Hi there, is this possible to make it be able to be non attack mode then once the user/player is been caught doing something suspicious it will then do as told?

Oh, alright then, thank you for that feedback! I will go and read up more on this topic. The activation functions were from code I took from your sample programs since they didn’t work on version 1.15. But for the documentation, aside from explaining how deep learning works, there still is a lot unexplained for example, how each object is intertwined with eachother. I had to manually dig up your code to figure out how the OOP structure looked like before I could get the code up and running. I suggest clearing that up further as well as still providing good example code to show how the function or structure could be used, since some functions look like they are supposed to work in one scenario but their intended purpose is another. (i.e I thought :reinforce() was used for the QLearningNetwork object when in reality it was only meant to be used in the quick setup version.)

Hopefully i’ll be back once I clear up my misconceptions on deep learning and reinforcement learning.

1 Like

Well yes, but if it’s something simple as that, then you might as well use if-statements + Roblox’s pathfinding…

There is more to is its just the fact about if it is compatible since there will be more.

Oh alright then. Just make note that it will take quite a while to train. I recommend you create a hard-coded AI that represent the player or use this library to create AIs that learns which would be representing the player.

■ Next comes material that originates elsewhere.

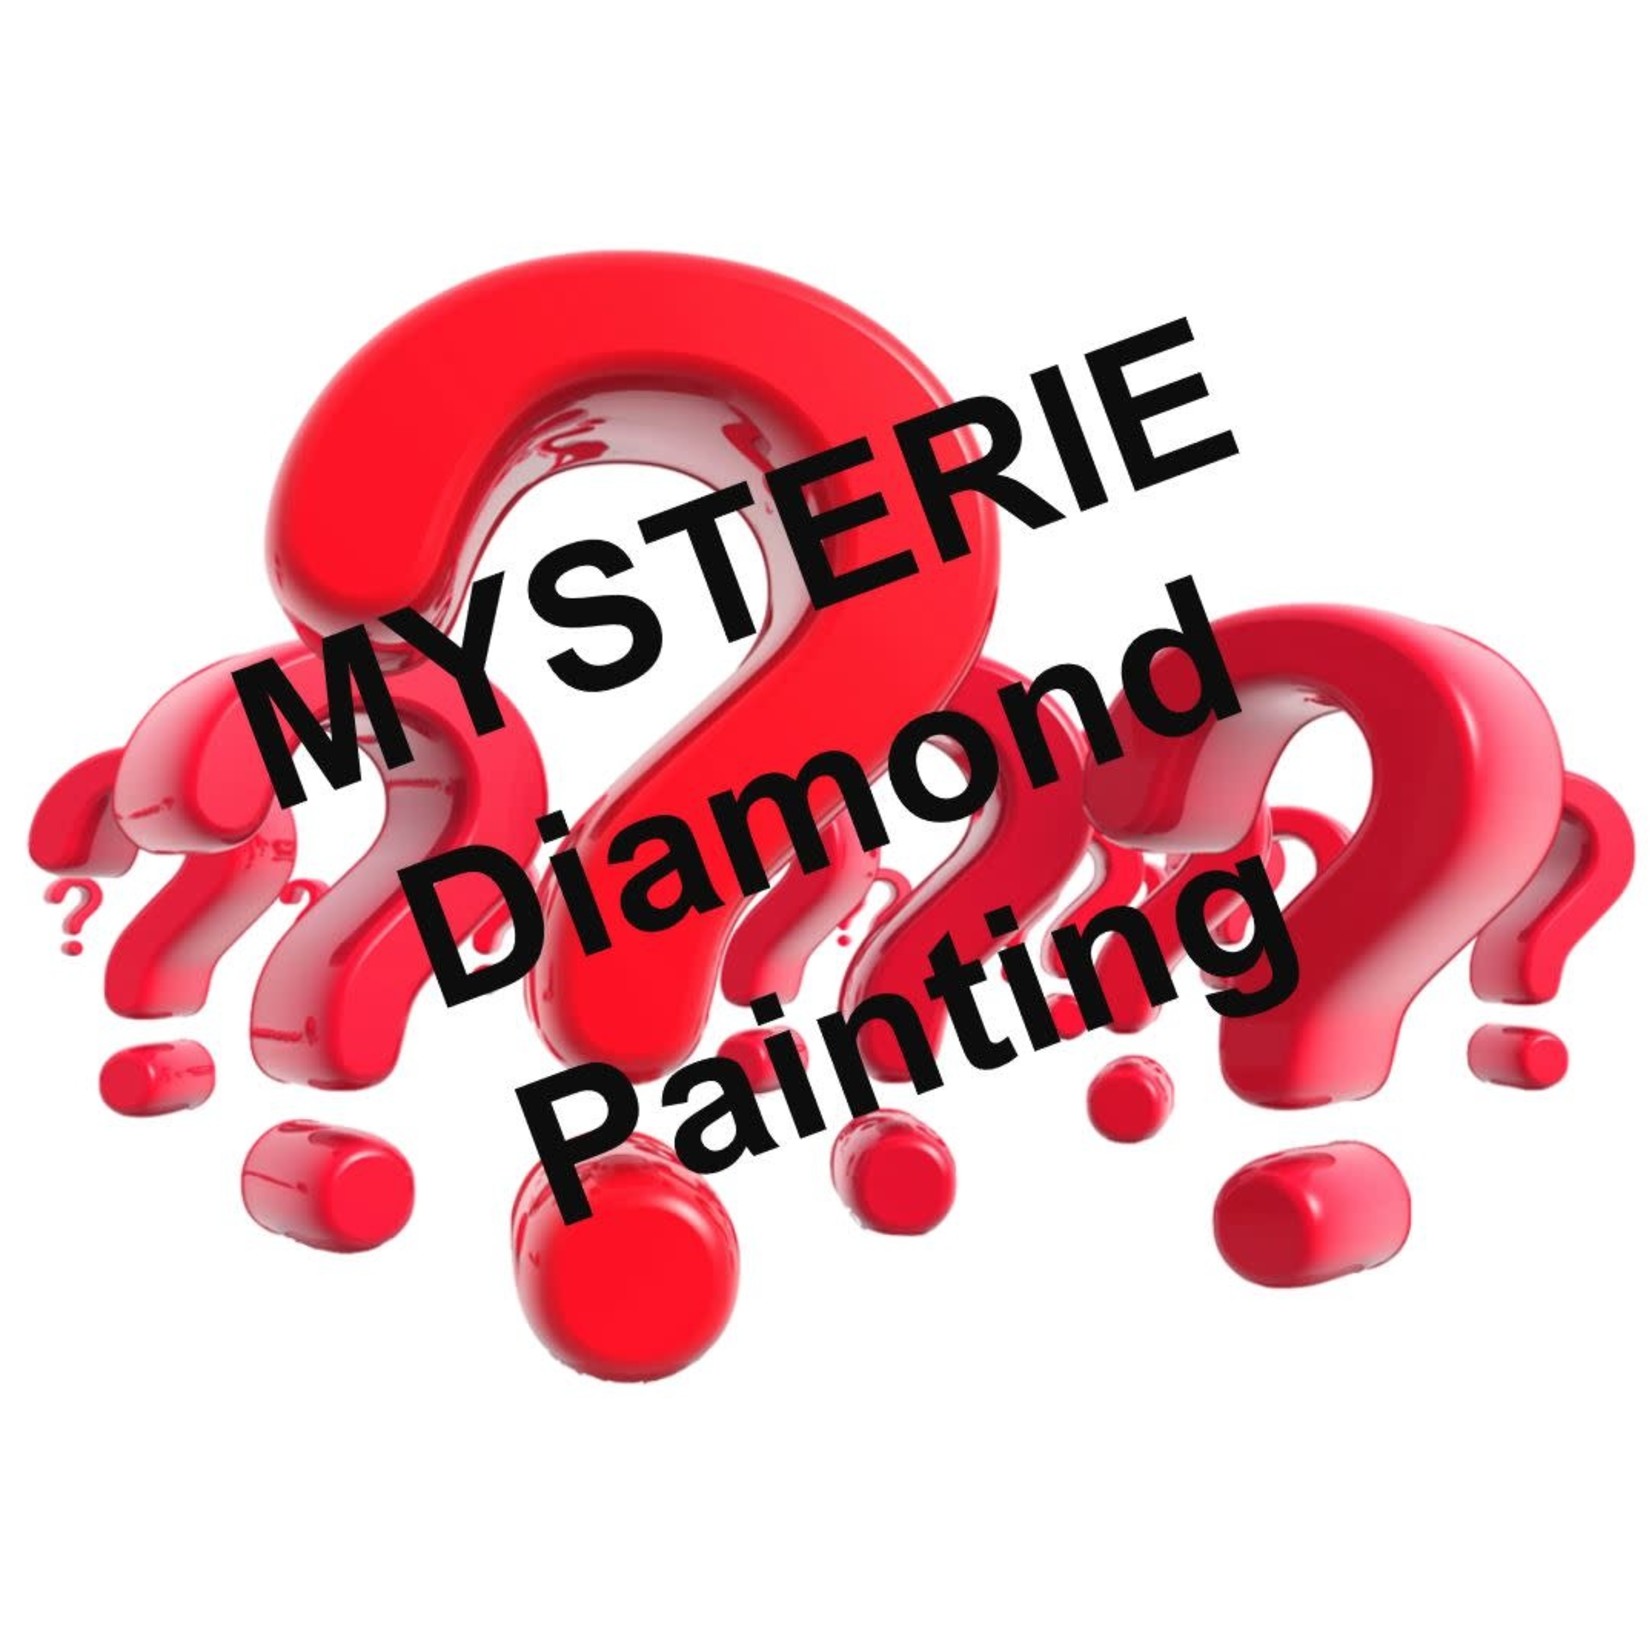 Mysterie Diamond Painting

Alright, thank you so much. Will try that.

One more thing, do you have any recommended sources for learning Deep Learning and reinforcement learning? Usually I learn best from graphic sources found on youtube, what do you think?

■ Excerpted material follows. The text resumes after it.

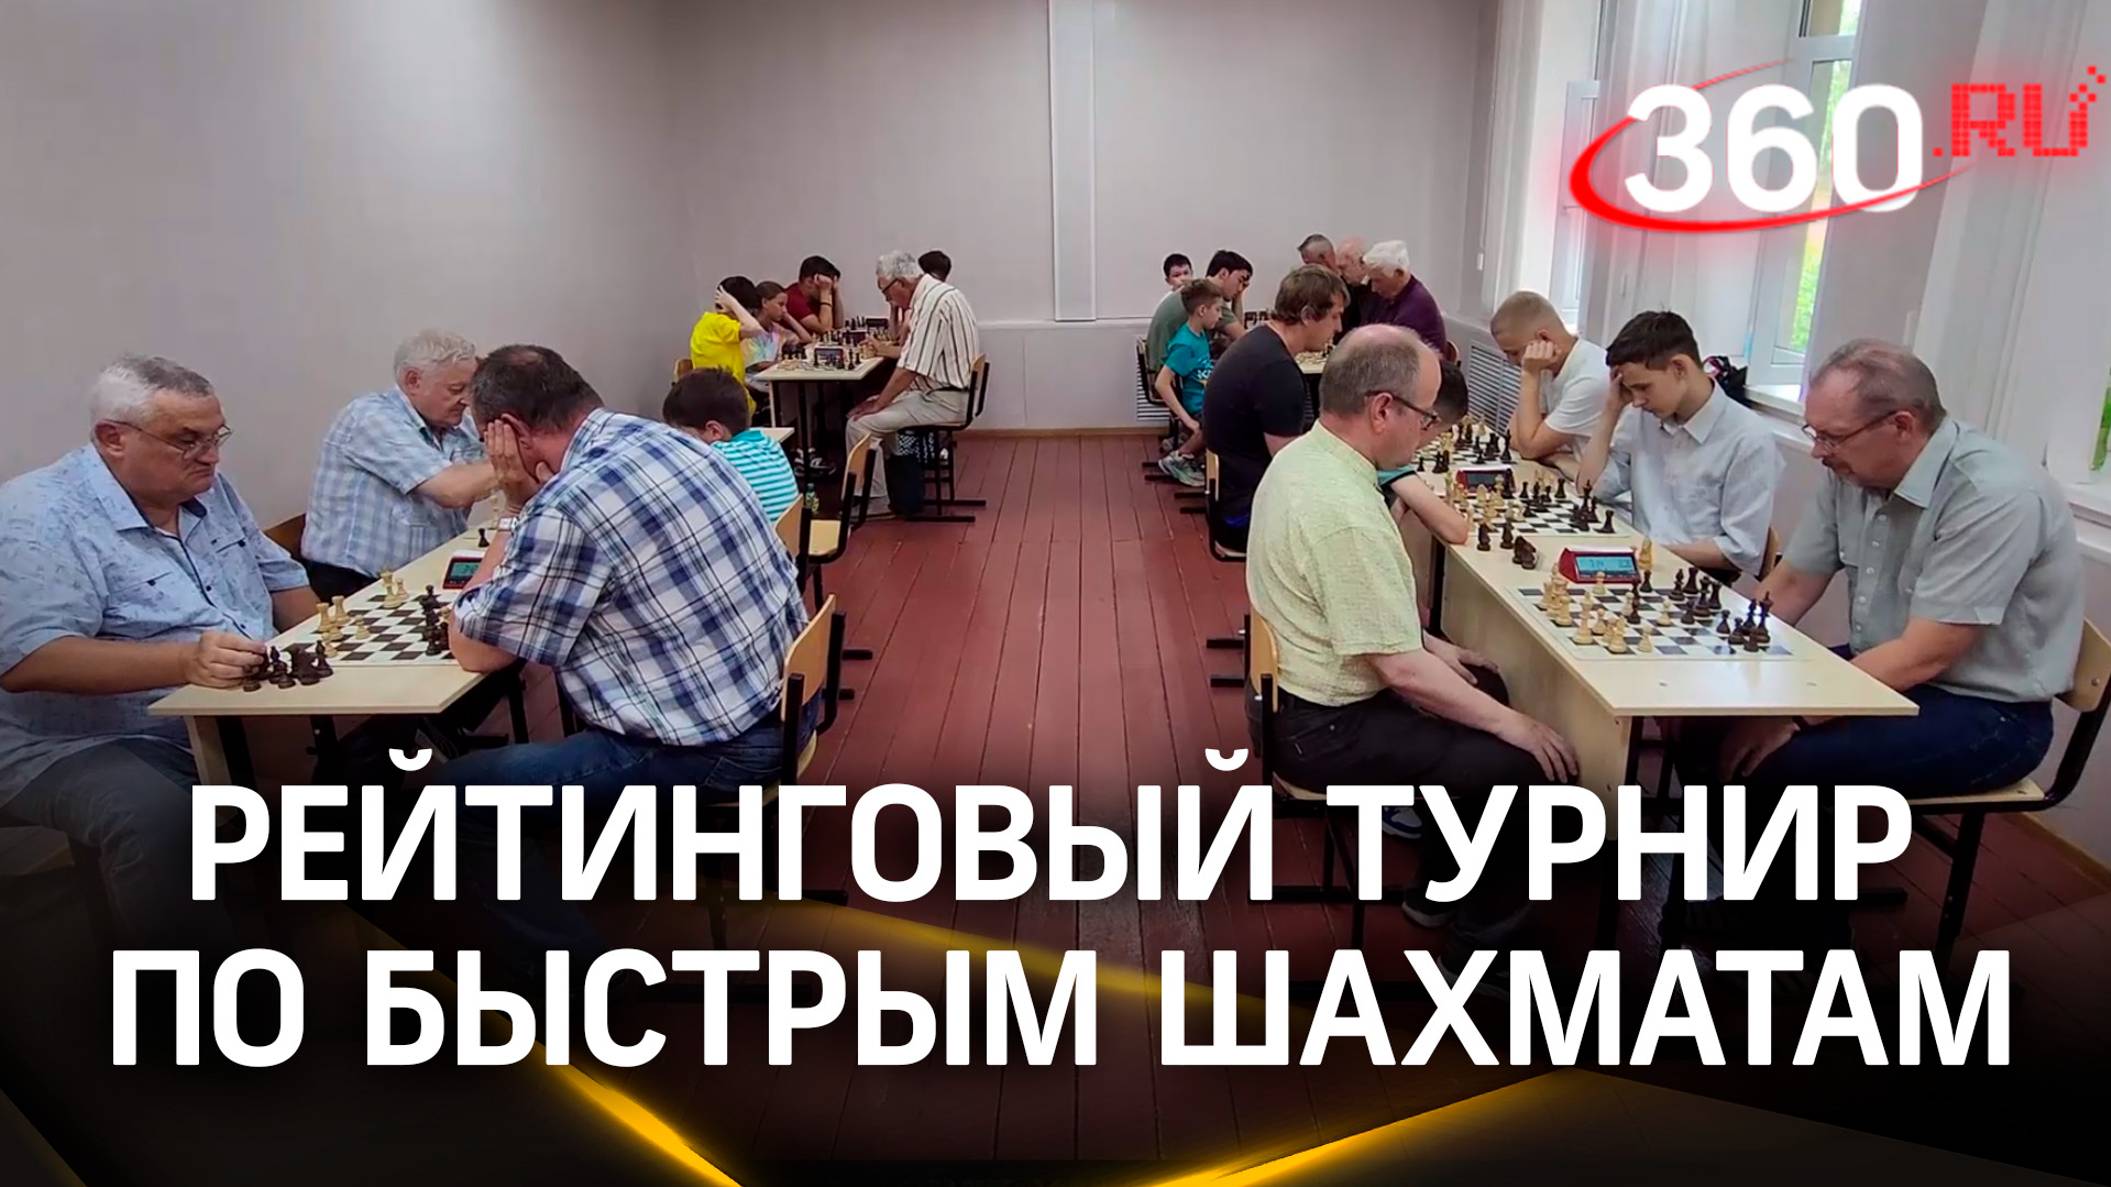 «Гуслицкий рапид»: рейтинговый турнир по быстрым шахматам прошёл в Егорьевске

Unfortunately, I don’t have any recommendations that suits your criteria. Majority of the knowledge came from extensive reading from articles and research papers.

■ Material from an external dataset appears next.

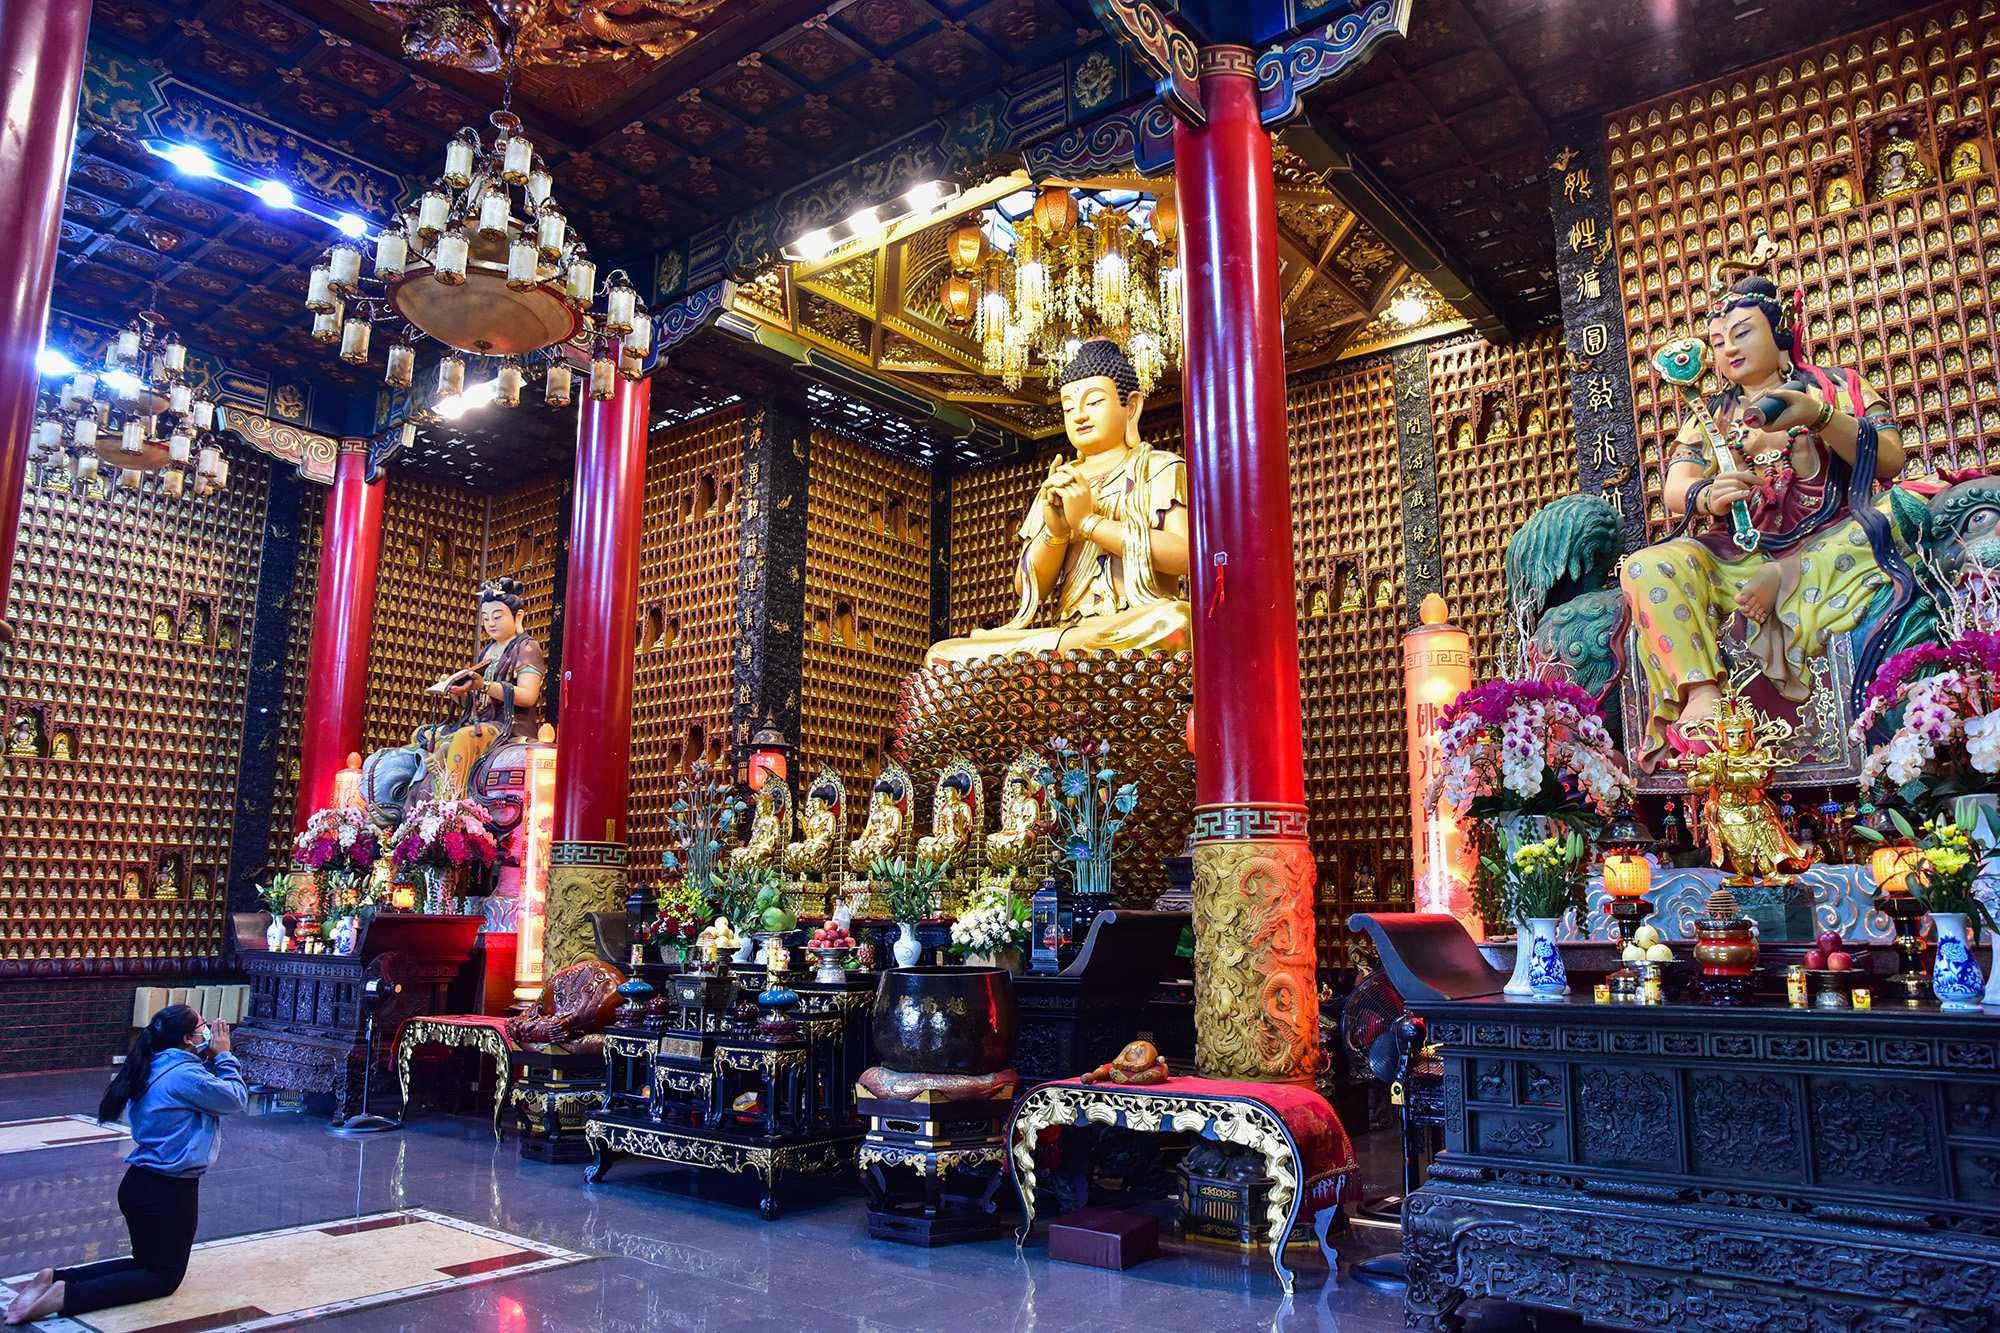 Kỳ vĩ chánh điện chùa trưng biện 10.000 tượng Phật ở TP.HCM - 2

But if you really want to understand deep learning from the start, then I’d recommend you look into Andrew Ng Deep Learning courses.

1 Like

What Neuron Structure or settings do you recommend in my scenario to get optimised learning?

Enable the bias for the first layer.

Then change QLearningNeuralNetwork to DoubleQLearningNeuralNetwork. Apparently the original version have issues according to several research papers.

1 Like

Assuming you referred to DoubleQLearningNeuralNetworkV2, I switched to that and flipped my first bias to true, however, the results are still the same. Is such a simple task really gonna take a long time to train? or is it that my RL Agent still is not working properly?

Yes. It will take quite a bit of time to train.

I did something similar to yours (the combination of numbers part) and pretty much managed to get 70% accuracy.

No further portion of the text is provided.